Аза, сеттер-гордон хороших кровей, работала на ровном галопе, несколько бесстрастно, но совершенно четко, без ошибок. Вежливая собачка влюбленно поглядывала, ожидая указаний, на высокую фигуру хозяина: битую птицу приносила — что в те годы становилось уже редкостью, брала мягким прикусом и, кто бы ни стрелял, отдавала в руки хозяина.
Николай Гаврилович стрелял с поводком, очень хорошо, однако редко — уступал гостям. Николай Николаевич горячился и частенько мазал — впрочем, не огорчался, тут же забывал эти мелкие неудачи. У меня к тому времени была большая практика в стрельбе, я «геройствовал». Однако жадности ни у кого из нас не было, и, взяв по паре птиц — редко больше — на каждого, мы кончали охоту и шли в уютную квартиру Гаврилыча.
Обед был простой, чисто русский, по-крестьянски обильный и очень вкусный — мастерица в этом деле была жена Николая Гавриловича. А он традиционно угощал нас из малюсеньких серебряных рюмочек ароматнейшей наливкой собственного производства, называемой им — так я и не узнал почему — синтифарисом.
После обеда мы отдыхали в маленькой, аптечно чистой комнатке. Просили Николая Гавриловича спеть. Он пел замечательно, прямо сказать талантливо, чистейшим высоким голосом. Пел песни по-теперешнему уже старинные: «Как со вечера пороша выпадала хороша», «Не белы снеги», «Окрасился месяц багрянцем» и многие другие. На наши похвалы отзывался так: «Все стеклодувы певучие, дуют, дуют — легкие-то и раздуют. Это спокон веку».
Примерно через год я вспомнил его слова.
Пришлось быть в командировке на стекольном заводе в Малой Вишере. В солнечный летний день меня провели в гуту — главный корпус. Подходя, я услышал пение; когда вошел — увидел и запомнил на всю жизнь. Под высоким, похожим на цирковой, куполом круглая печь с пылающими окошками. Вокруг нее на помосте стеклодувы. Они просовывают длинные трубки в окошки, поворачивают несколько раз, навивают яркий ком, идут на край помоста, покачивая трубку, раздувают постепенно «баночку», опустив ее вниз и покачивая, в большую продолговатую бутылку-халяву. Когда она готова, подручный — там, внизу, — отрезает ее от трубки и на столе разворачивает в лист оконного стекла.
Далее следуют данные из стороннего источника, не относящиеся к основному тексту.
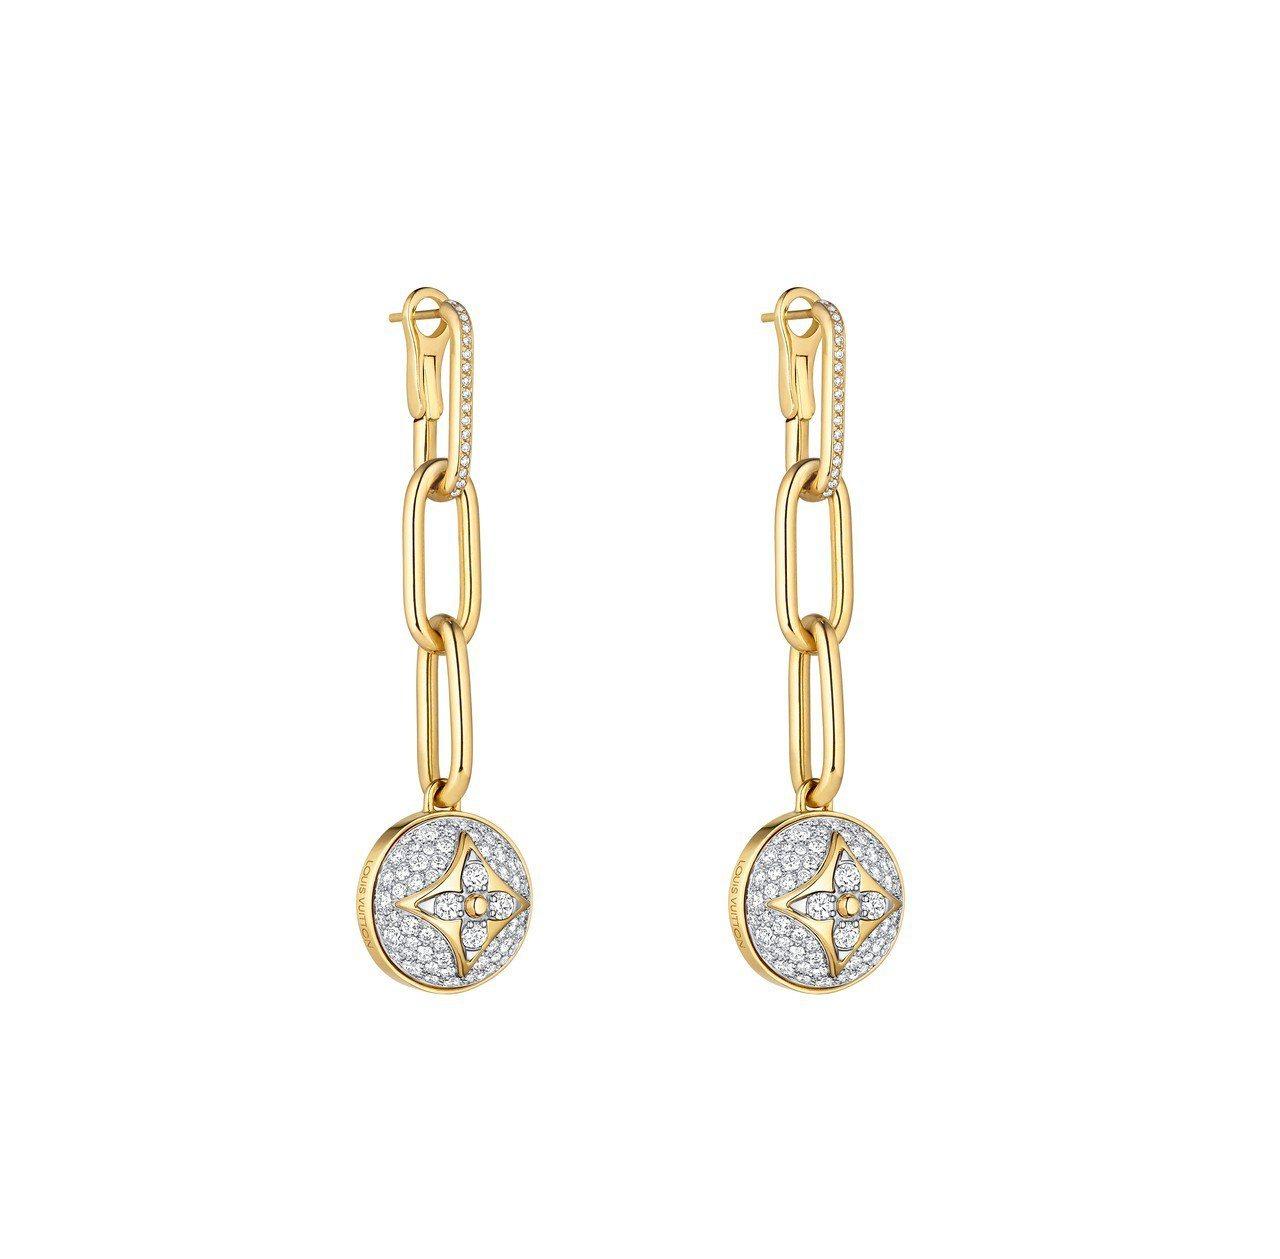 路易威登B BLOSSOM系列,黃K金和白K金配密鑲鑽石耳環,約76萬元。圖/L...

Работают ладно, спорко и поют. Запевают, когда освободятся временно губы, примолкают, раздувая «баночку», и вновь запевают. Незаметно — когда замолкает певец, хорошо слышно, когда он вновь вступает в хор. Прекрасные, сильные голоса, то высокие, как всплеск неземной радости, то низкие, как земная печаль. Не замолкая, звучит протяжная песня, и кажется, что она светло и округло плавает под высоким куполом.
Рассказал про эту поездку Гаврилычу. Он чуть не прослезился, вспоминая молодость.
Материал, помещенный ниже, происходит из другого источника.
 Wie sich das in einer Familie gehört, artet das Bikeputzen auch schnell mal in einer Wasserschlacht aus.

Мы еще не раз ходили за Политехнический к Буграм и Девяткину с Николаем Николаевичем, Николаем Гавриловичем и его чудесной собачонкой Азой. Но наши выходы становились все реже и реже, Николай Николаевич вообще почти перестал охотиться. Тогда, в начале 30-х годов, он был перегружен хлопотами по воплощению своей мечты — организации Института химической физики. Дисциплина «физическая химия» давно была известна, а «химическая физика» — придумана Семеновым. Он воплотил ее не только в виде нового института, но и нового отдела науки. Название звучало странно и непривычно. У Семенова в этом институте его ученики Кондратьев и Харитон; по-прежнему, как когда-то в Лебяжьем, про него и про них шуточные стихи поэта нашей компании — моего брата Юрия:
Война. Перемена жизни, всем свои заботы, всякое общение, помимо служебного, сведено на нет.
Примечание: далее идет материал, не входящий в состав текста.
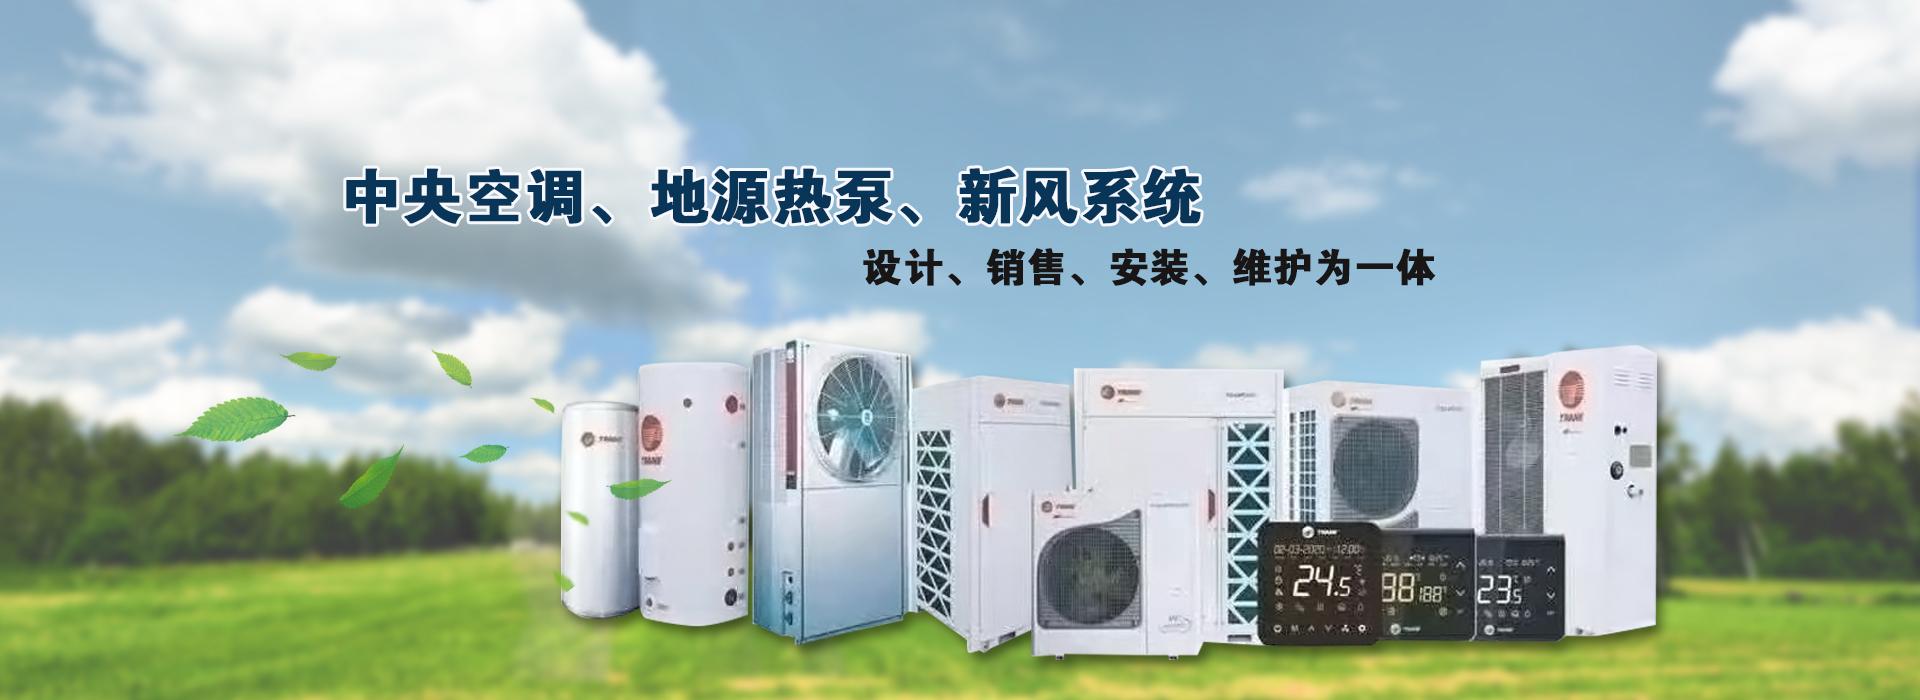 中央空調安裝,滕州中央空調維修,臨沂中央空調保養

Я на своей кафедре в Лесотехнической академии. По телефону голос Николая Николаевича:
— Мы тут организовали Ленинградский комитет ученых в помощь фронту. Считайте, что вы член нашего комитета. Я председатель. К вам просьба: организовать для Абрама Федоровича проверку одной идеи его лаборатории, он скоро у вас будет.